THE PROBLEM: Reproduce the entries shown below only from the line with "Cooking utensils clipart." down to the line with "iWoo Mens Cotton", keeping both end lines and copying each one exactly.

****

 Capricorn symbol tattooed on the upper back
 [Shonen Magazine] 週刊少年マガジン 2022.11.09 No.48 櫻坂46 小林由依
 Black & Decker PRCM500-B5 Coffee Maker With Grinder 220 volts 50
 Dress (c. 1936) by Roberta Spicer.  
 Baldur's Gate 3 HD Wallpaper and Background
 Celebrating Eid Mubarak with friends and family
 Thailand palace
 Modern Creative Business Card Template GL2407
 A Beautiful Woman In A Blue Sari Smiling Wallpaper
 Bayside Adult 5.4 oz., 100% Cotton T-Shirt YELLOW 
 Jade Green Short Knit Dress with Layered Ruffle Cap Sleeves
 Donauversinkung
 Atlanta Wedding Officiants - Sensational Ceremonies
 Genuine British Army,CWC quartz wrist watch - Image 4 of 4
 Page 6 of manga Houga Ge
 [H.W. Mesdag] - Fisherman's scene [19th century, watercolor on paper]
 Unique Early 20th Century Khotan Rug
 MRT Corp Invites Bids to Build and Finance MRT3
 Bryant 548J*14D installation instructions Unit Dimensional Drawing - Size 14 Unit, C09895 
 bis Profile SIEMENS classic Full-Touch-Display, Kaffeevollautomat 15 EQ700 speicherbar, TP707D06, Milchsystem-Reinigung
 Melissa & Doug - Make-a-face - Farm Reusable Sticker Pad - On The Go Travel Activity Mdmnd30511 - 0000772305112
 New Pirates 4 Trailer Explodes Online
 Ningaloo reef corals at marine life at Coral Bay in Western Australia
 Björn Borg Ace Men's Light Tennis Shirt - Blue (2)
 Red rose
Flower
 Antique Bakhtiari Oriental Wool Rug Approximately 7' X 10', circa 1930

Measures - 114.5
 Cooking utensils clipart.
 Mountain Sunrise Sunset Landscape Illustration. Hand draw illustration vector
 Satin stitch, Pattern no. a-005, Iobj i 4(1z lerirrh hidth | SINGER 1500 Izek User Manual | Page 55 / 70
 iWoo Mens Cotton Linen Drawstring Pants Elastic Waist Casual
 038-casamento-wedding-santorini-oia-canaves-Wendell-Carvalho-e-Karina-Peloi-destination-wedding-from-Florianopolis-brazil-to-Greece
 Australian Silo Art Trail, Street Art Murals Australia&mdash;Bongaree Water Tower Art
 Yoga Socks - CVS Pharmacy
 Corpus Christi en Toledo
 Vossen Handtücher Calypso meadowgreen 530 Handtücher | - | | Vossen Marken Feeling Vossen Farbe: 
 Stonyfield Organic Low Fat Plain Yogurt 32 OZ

****

WRITTEN SOLUTION:
 Cooking utensils clipart.
 Mountain Sunrise Sunset Landscape Illustration. Hand draw illustration vector
 Satin stitch, Pattern no. a-005, Iobj i 4(1z lerirrh hidth | SINGER 1500 Izek User Manual | Page 55 / 70
 iWoo Mens Cotton Linen Drawstring Pants Elastic Waist Casual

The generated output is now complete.